Asimismo, la Corte Interamericana señaló una serie de hechos controvertidos alrededor del indulto humanitario. ¿Cuáles son?

  • Poca objetividad de la Junta Médica Penitenciaria, pues la integró un médico que trató anteriormente a Fujimori en Neoplásicas.
  • Diferencias sustanciales entre el acta de la Junta Médica Penitenciaria del 17 de diciembre de 2017 y el acta ampliatoria suscrita dos días después.
  • No existe documento alguno que señale cuáles son las “enfermedades no terminales graves, que se encuentren en etapa avanzada progresiva, degenerativa e incurable” que justifican el indulto.
  • Ningún documento señala cómo las condiciones de la cárcel pueden colocar en grave riesgo la vida, la salud o la integridad del entonces reo Fujimori.
  • La resolución suprema que otorgó el indulto no menciona que Fujimori fue condenado por graves violaciones a los derechos humanos y crímenes de lesa humanidad. En estos casos, el Estado debe tener una mejor y mayor argumentación sobre el otorgamiento de esta gracia.
  • El contexto en el que se presentó la solicitud de indulto, vinculado a la vacancia presidencial de PPK y los “Mamanivideos”

En suma, con estos parámetros y hechos, el Poder Judicial o, en su defecto, el Tribunal Constitucional, deberían indicar que el indulto no cumple con la Convención Americana de Derechos Humanos y, con ello, enviar a nuevo a Fujimori a donde corresponde: un establecimiento penal en el que sus condiciones de salud estén garantizadas. Y si para el 29 de octubre de 2018 esto no es decidido por el Estado peruano, será la propia Corte Interamericana de Derechos Humanos quien tome la decisión, en el sentido arriba señalado.

Sin embargo, queda un elemento central en esta historia: la política. ¿Cómo queda el fujimorismo en torno a esta decisión? Rosa María Palacios enunció ayer una posible respuesta, que aún tiene un alto factor de espera:

Por otro lado, la decisión de la CIDH de criticar severamente el indulto “humanitario” a Alberto Fujimori, pero ordenar al Tribunal Constitucional que resuelva su inconstitucionalidad (el Presidente también podría, cumpliendo el mandato de la Corte, declararlo nulo) pone a Keiko Fujimori en aprietos. Ella ha perseguido a su hermano por sacar a su padre de la cárcel negociando con Kuczynski.
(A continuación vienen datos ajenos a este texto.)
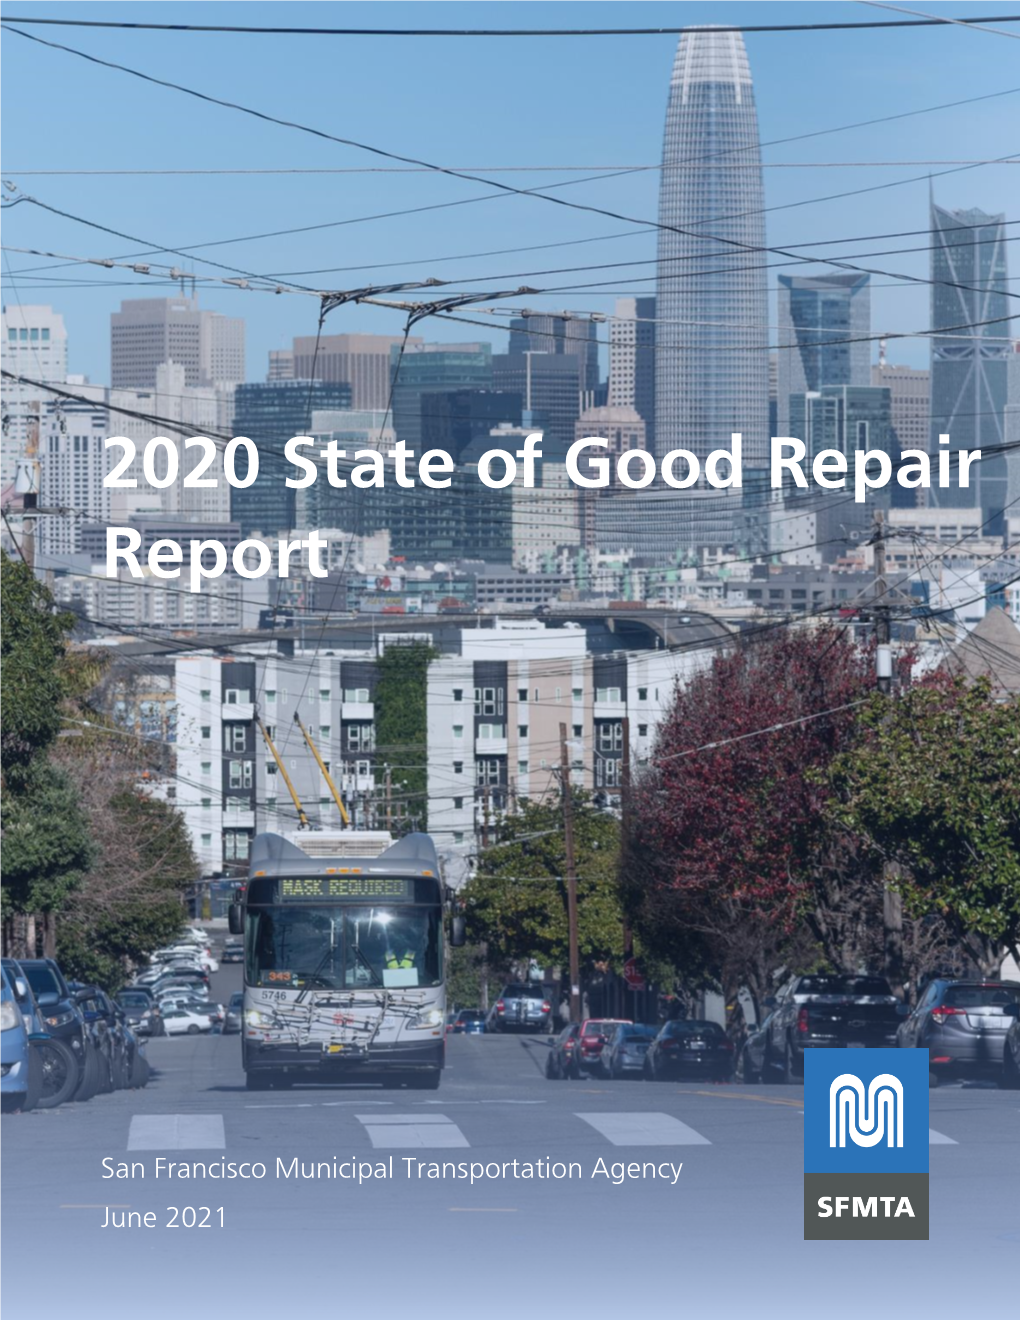 2020 State of Good Repair Report Provides an Overview of the Agency’S Rehabilitation and Replacement Needs and Investments
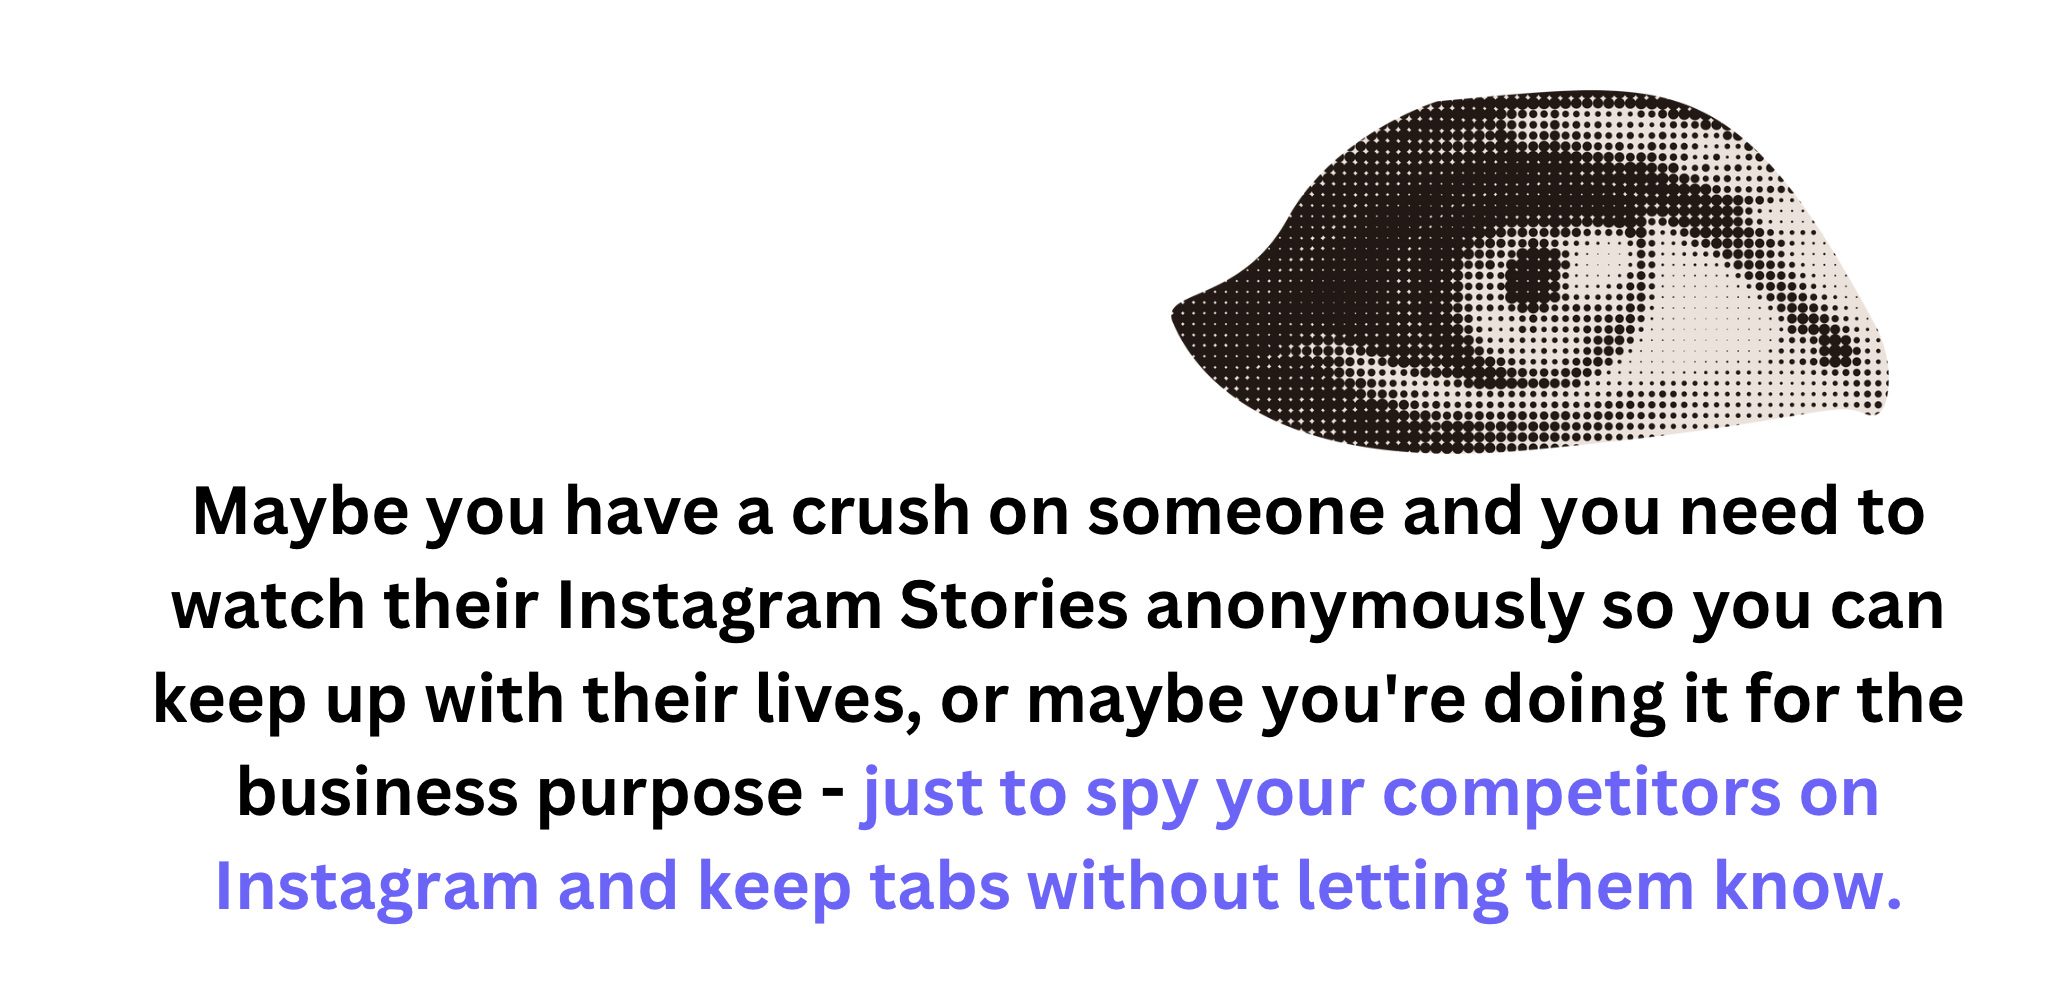 View Instagram Stories Anonymously - 5 Tools with the Viewer Instagram Story Feature

Nunca quiso a su padre libre de esa forma y así lo reconoció en un comunicado de su partido. Pero si él regresara pronto a la cárcel –y todo parece indicar que la libertad se le acaba, como máximo, en octubre– ella será vista como la gran culpable y su hermano menor se encargará de recordárselo toda su campaña. ¿Qué hacer? Keiko Fujimori ha corrido a tomarse una foto con su padre, ahora sí, pidiendo su libertad. La cara de Alberto Fujimori lo dice todo. No confía en su hija.

La respuesta, por tanto, aún sigue abierta. Con la consiguiente incertidumbre para los familiares de las víctimas de los crímenes cometidos por quien gobernó el Perú en la década de 1990.